### Supplied records
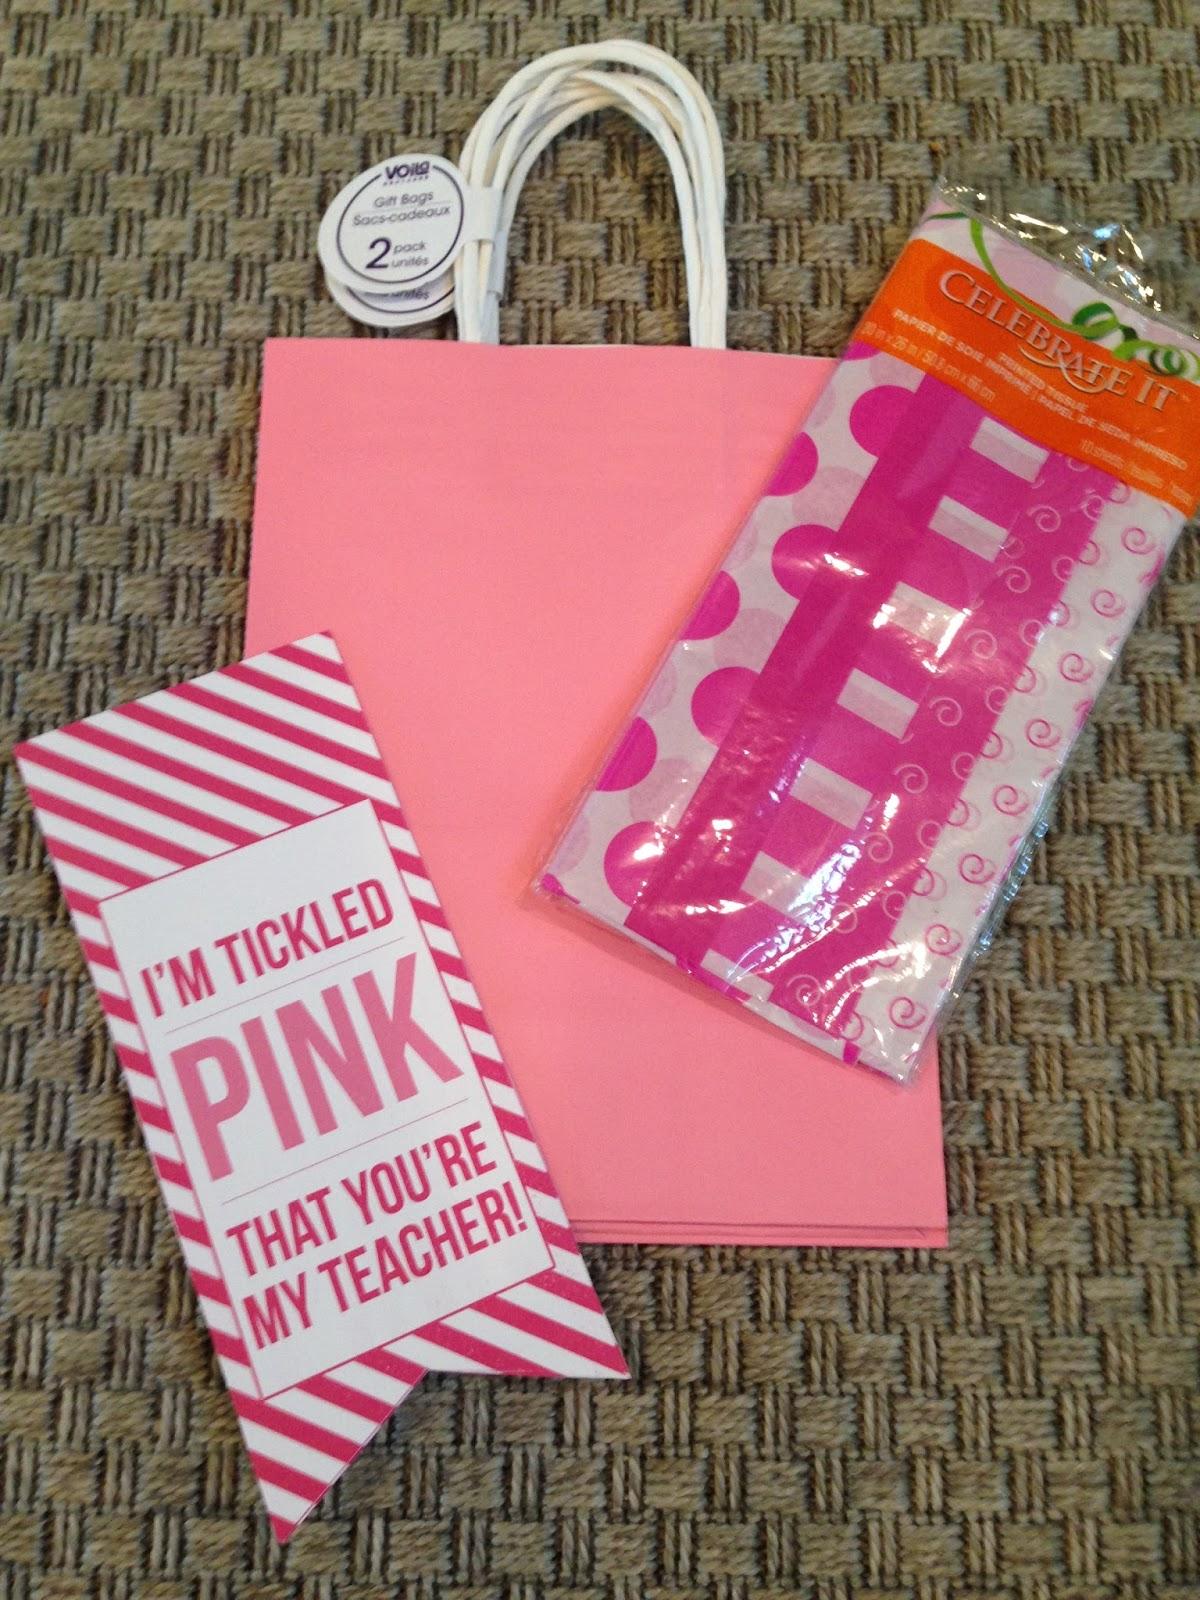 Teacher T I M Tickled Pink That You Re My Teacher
######
### Supplied records
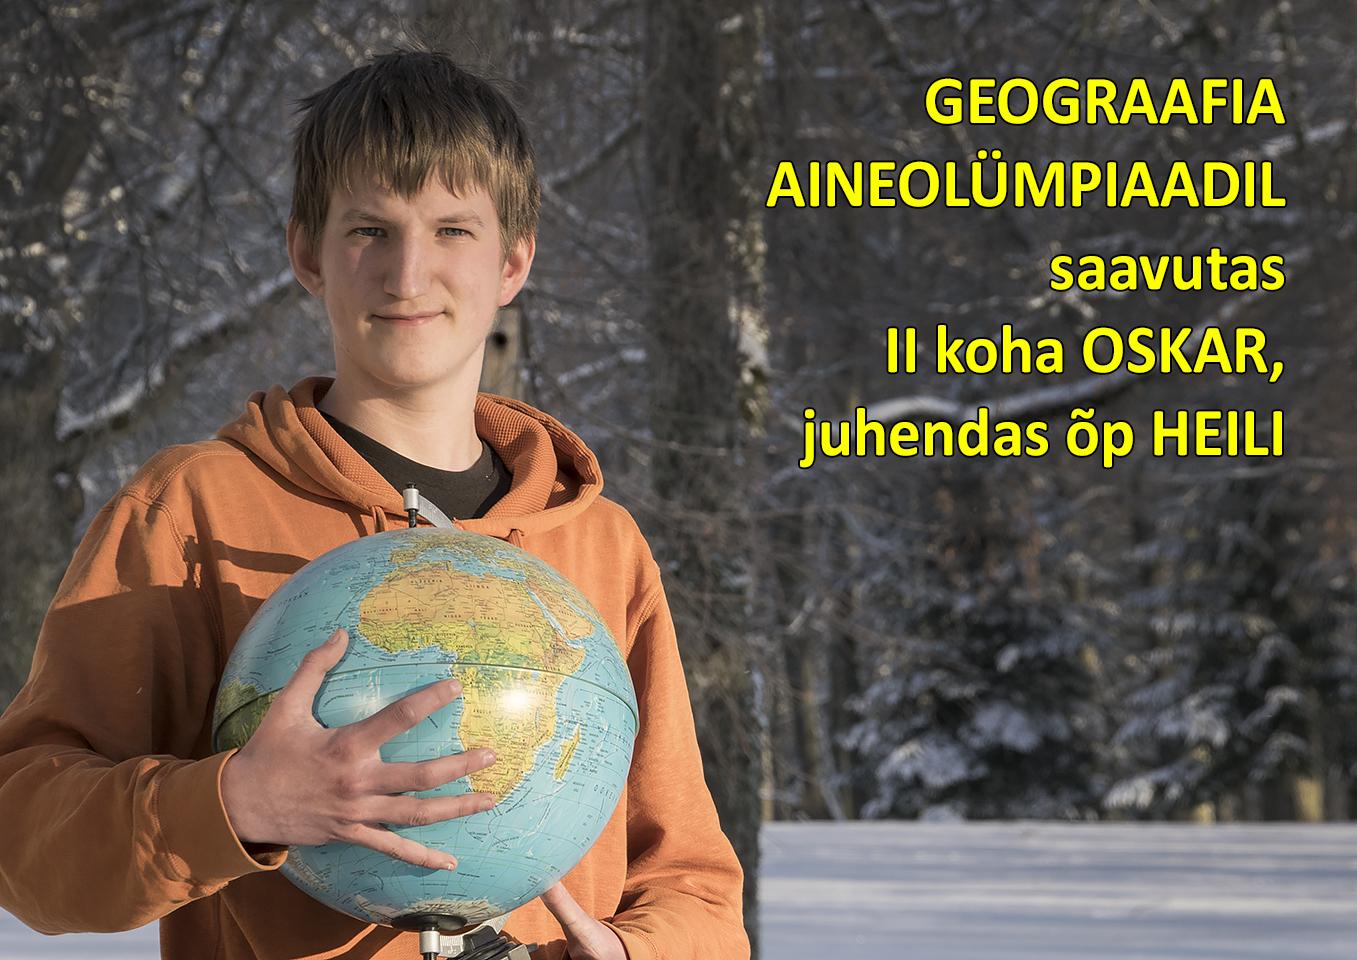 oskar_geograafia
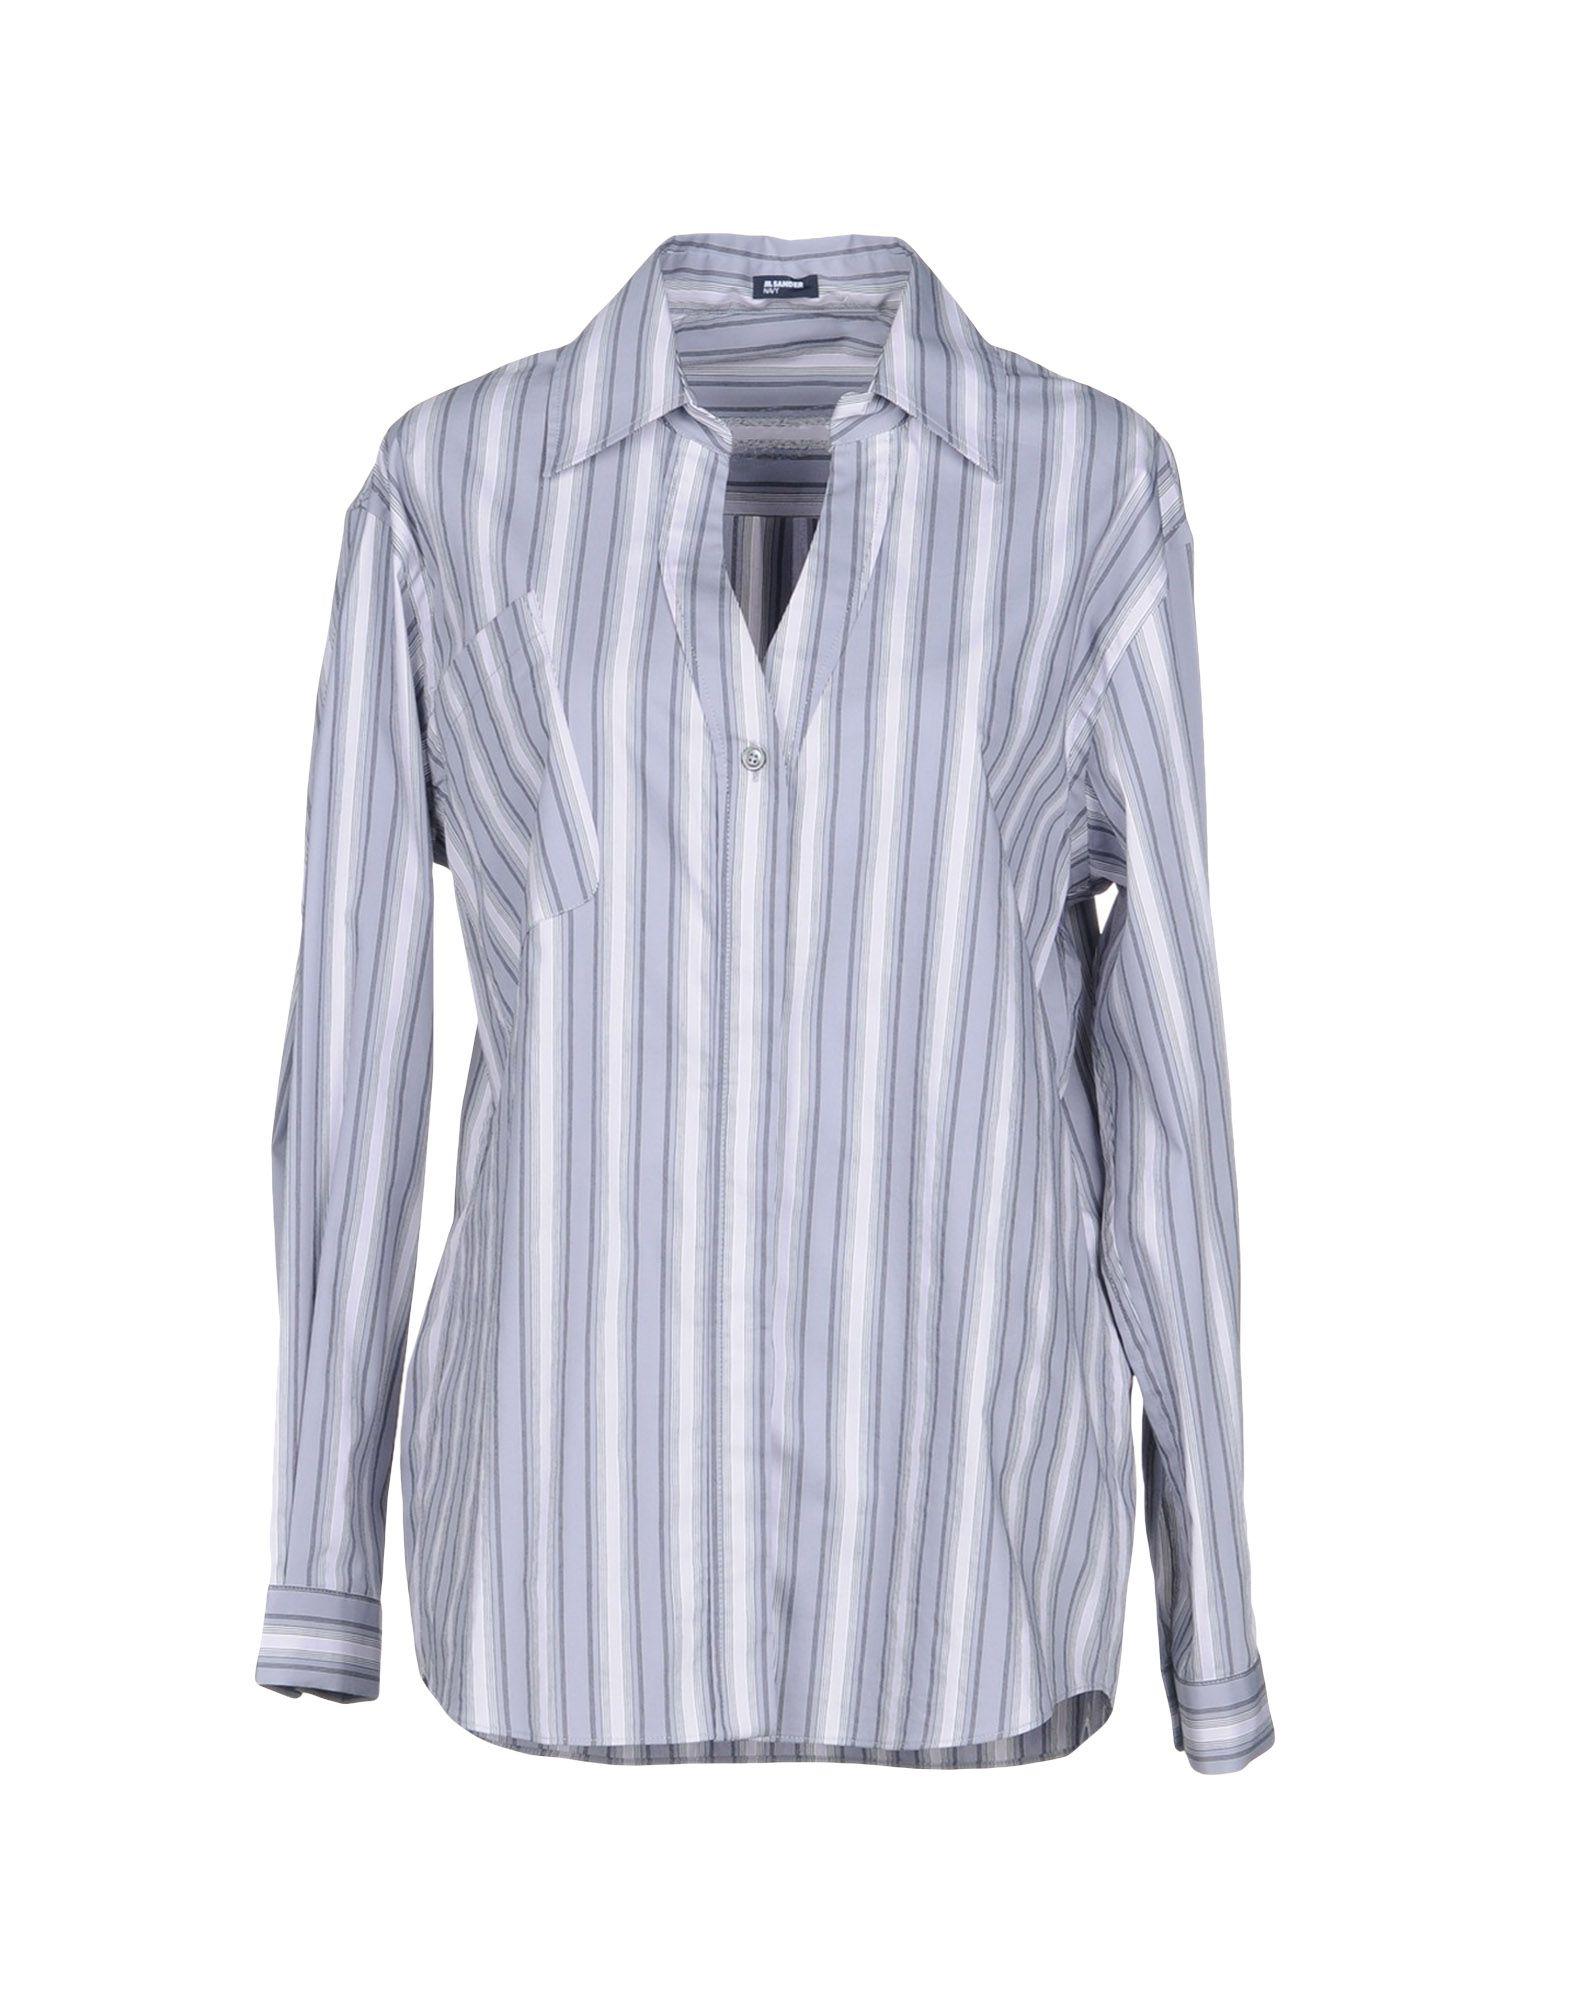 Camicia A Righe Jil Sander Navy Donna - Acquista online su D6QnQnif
######
### Supplied records
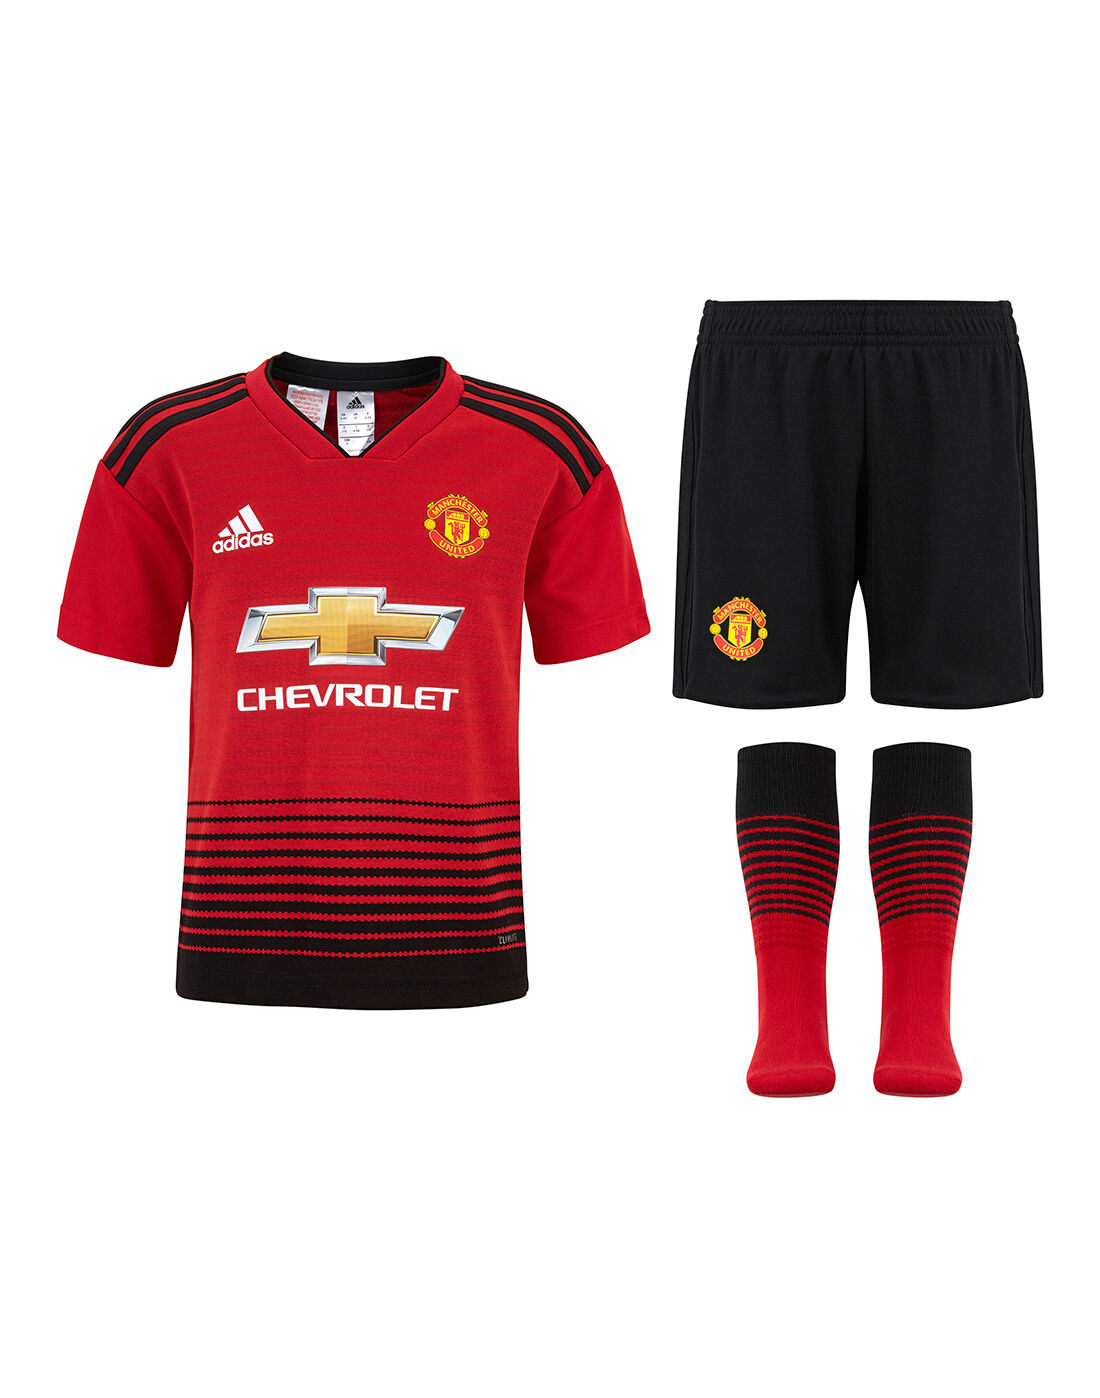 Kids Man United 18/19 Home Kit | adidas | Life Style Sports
######
Assignment:
Look above for the line with "oskar_geograafia" and the line with "Camicia A Righe", then restate exactly those two lines and all lines between them, with no pictures.

Response:
 oskar_geograafia
 Camicia A Righe Jil Sander Navy Donna - Acquista online su D6QnQnif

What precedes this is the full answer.